Try again in English, please? |
Lame attempt at an insult. I suspect you're day drinking. |
Yes, went recently. It was considered 21+ so yes, "bad language," and it was hilarious and awesome and we had a blast. There's also a family version on another day. So two versions, no one's upset. |
I thought they were protesting drag story time at the library for kids, not drag brunch at restaurants. |
Correct |
Nellie's |
The whole point of drag brunch is the ladies get paid and tipped for their performance. So, you'd need to find ones willing to donate all of their money and skills. Good luck with that. ..... Maybe Drag Bingo would be better. Go to Freddie's |
Pretty amazing that this was a thing at Perry’s 20+ years ago and no one cared. |
Just a little FYI
The Proud Boys are all gay.
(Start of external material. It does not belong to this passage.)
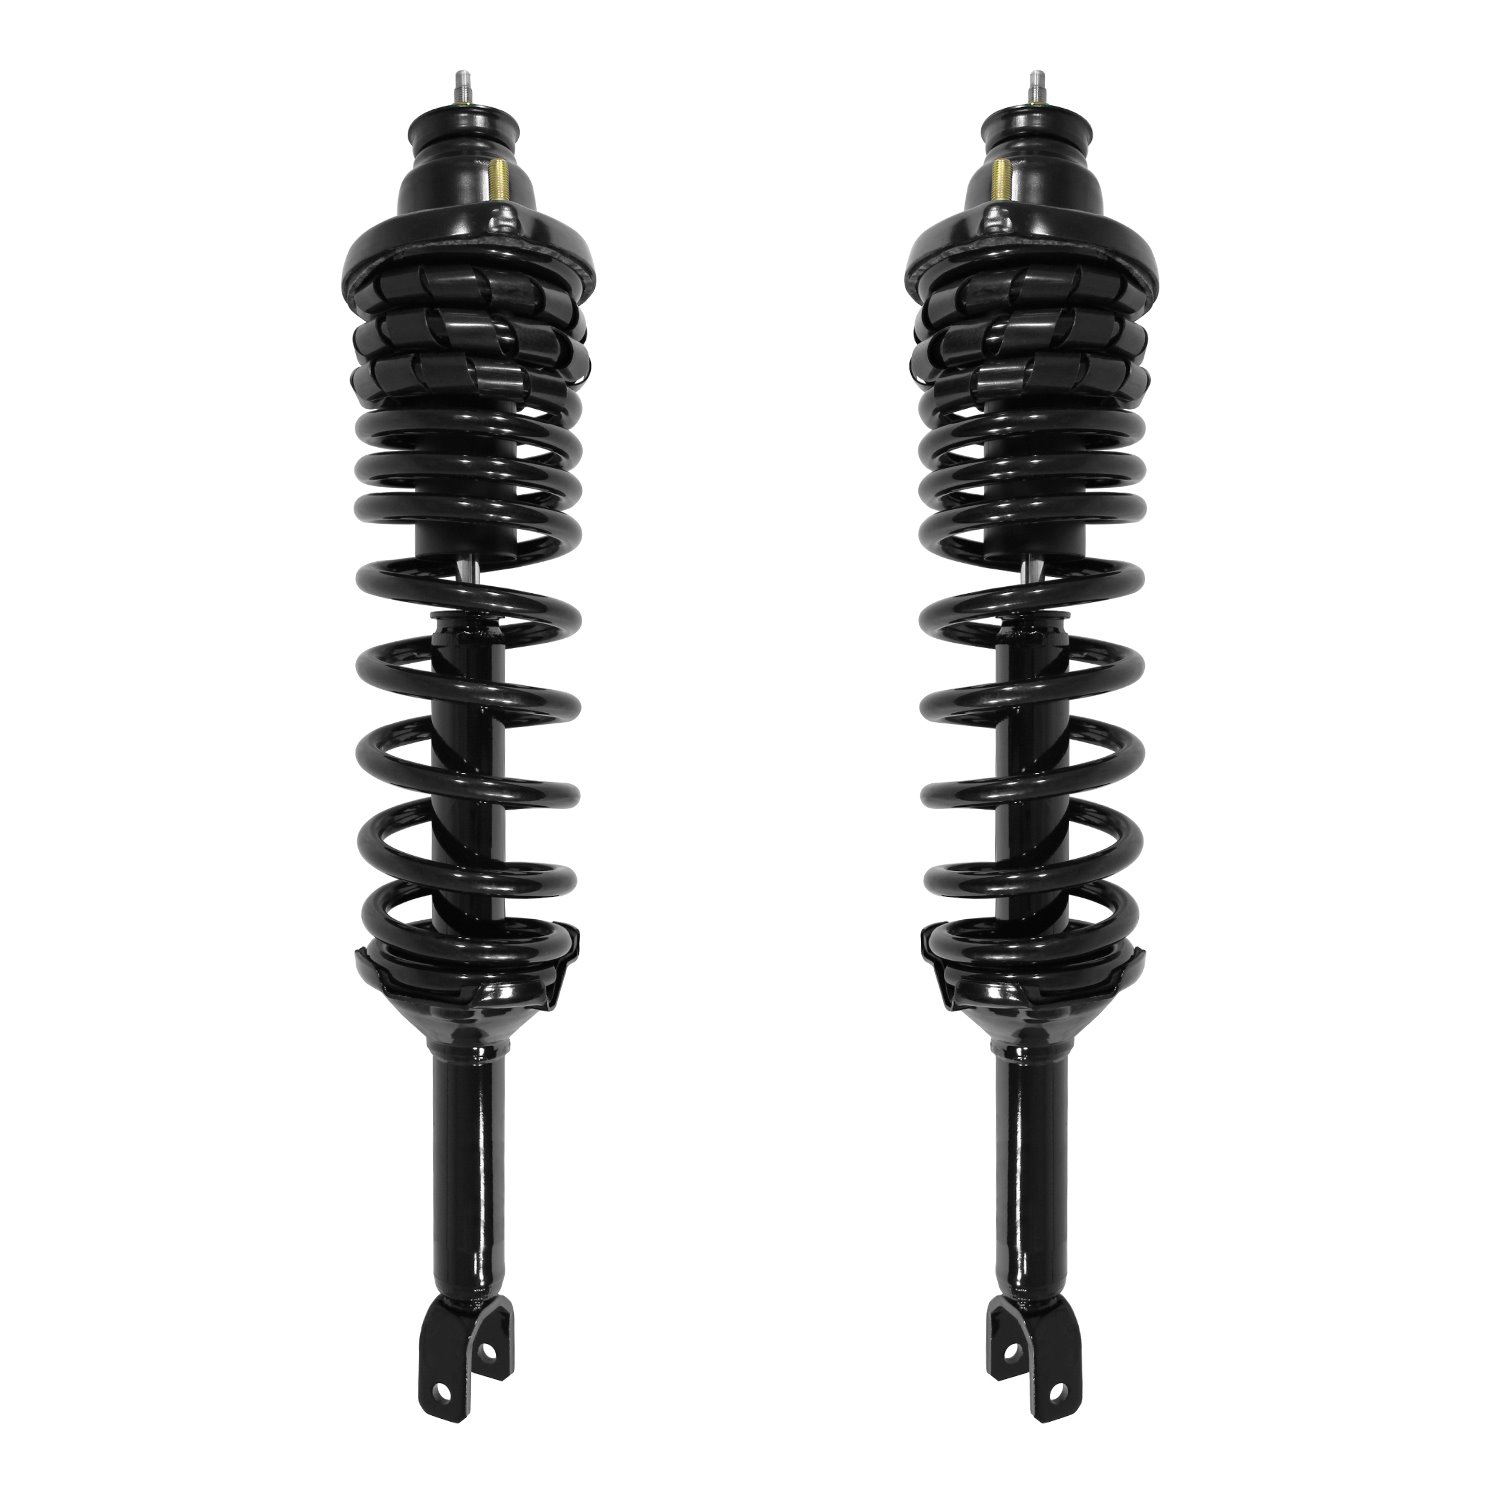 2-15141-15142-001 Suspension Strut & Coil Spring Assembly Set Fits Select Acura CL, Honda Accord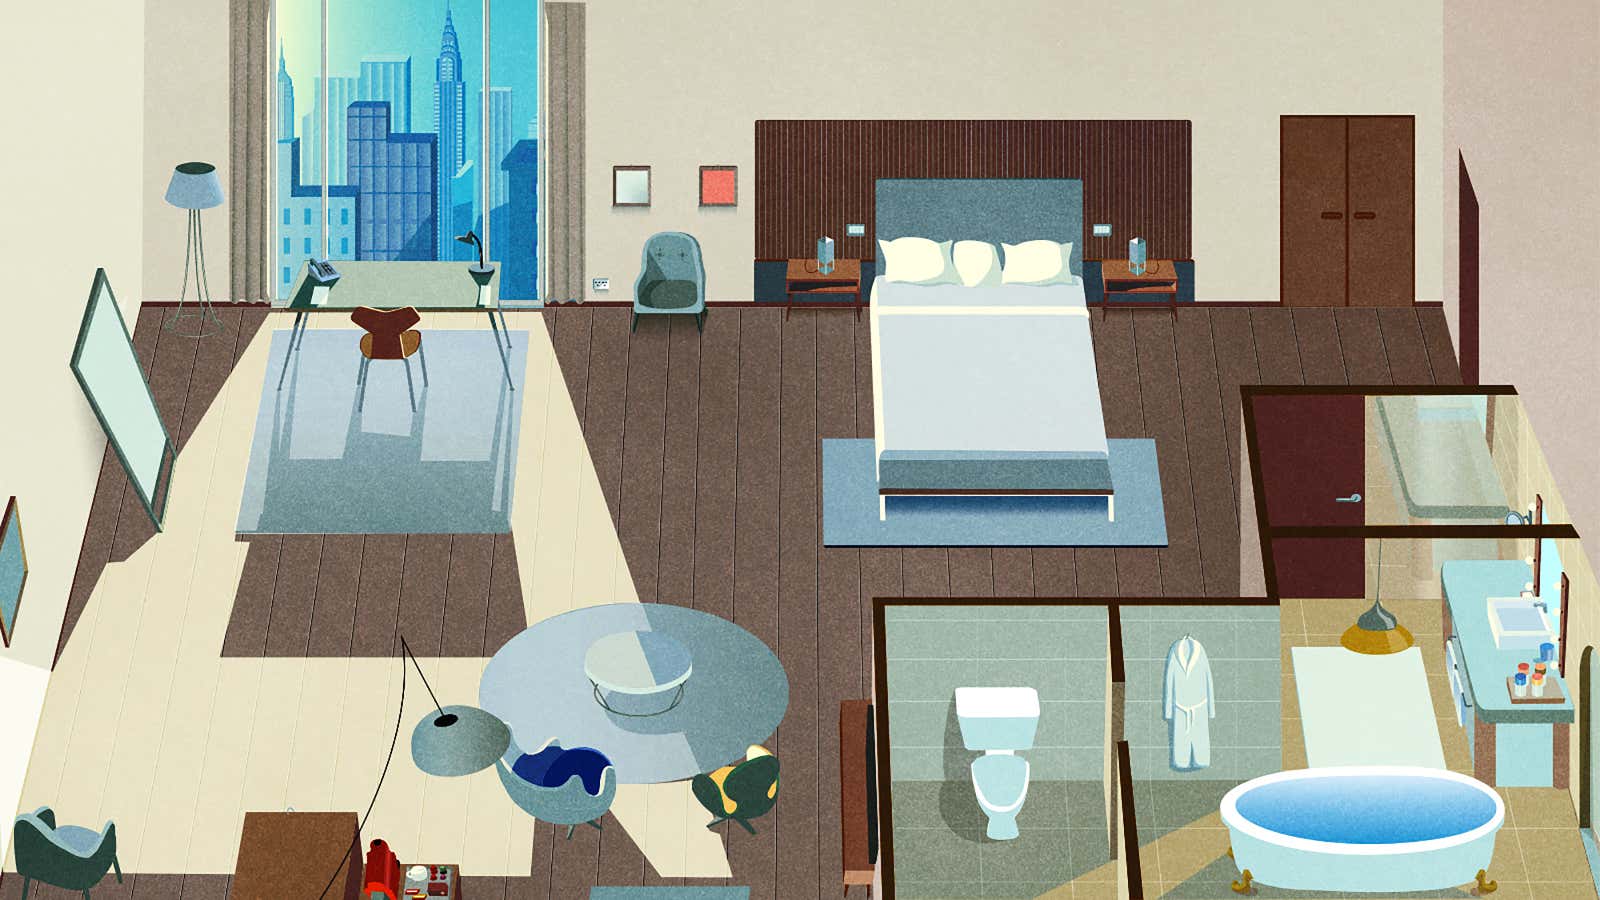 Interactive: Hotels are designed to make you feel good. Here’s how

They are controlled opposition. To become a full member you have to masturbate in front of the other members and agree for it to be filmed. The meetings require each member to dress in drag. Meeting places are secret. Remember that the next time you see or hear from those freaks. Wait until you find out who is paying them. |
![]() I'm not usually one to say this, but TROLL. |
My drag queen name is Lotta Cox, and even I wouldn't be as nasty about other human beings as you are. |
Drag is modern day minstrelsy. |
that's where I went to drag brunch in the 2000s |
During quarantine you could pay for live drag show performances to come to your driveway. Neighbors would pool money together and have block party drag shows. This was in Richmond. |
I live around the corner from Perry's in Adams Morgan but haven't been. Once when I was walking with my daughter, one of the performers leaned out the window yelling "Rape! Rape!" (because that's such a funny joke?) I think I saw a bare chest with implants, too-- it looked like the sequined dress was hanging wide open.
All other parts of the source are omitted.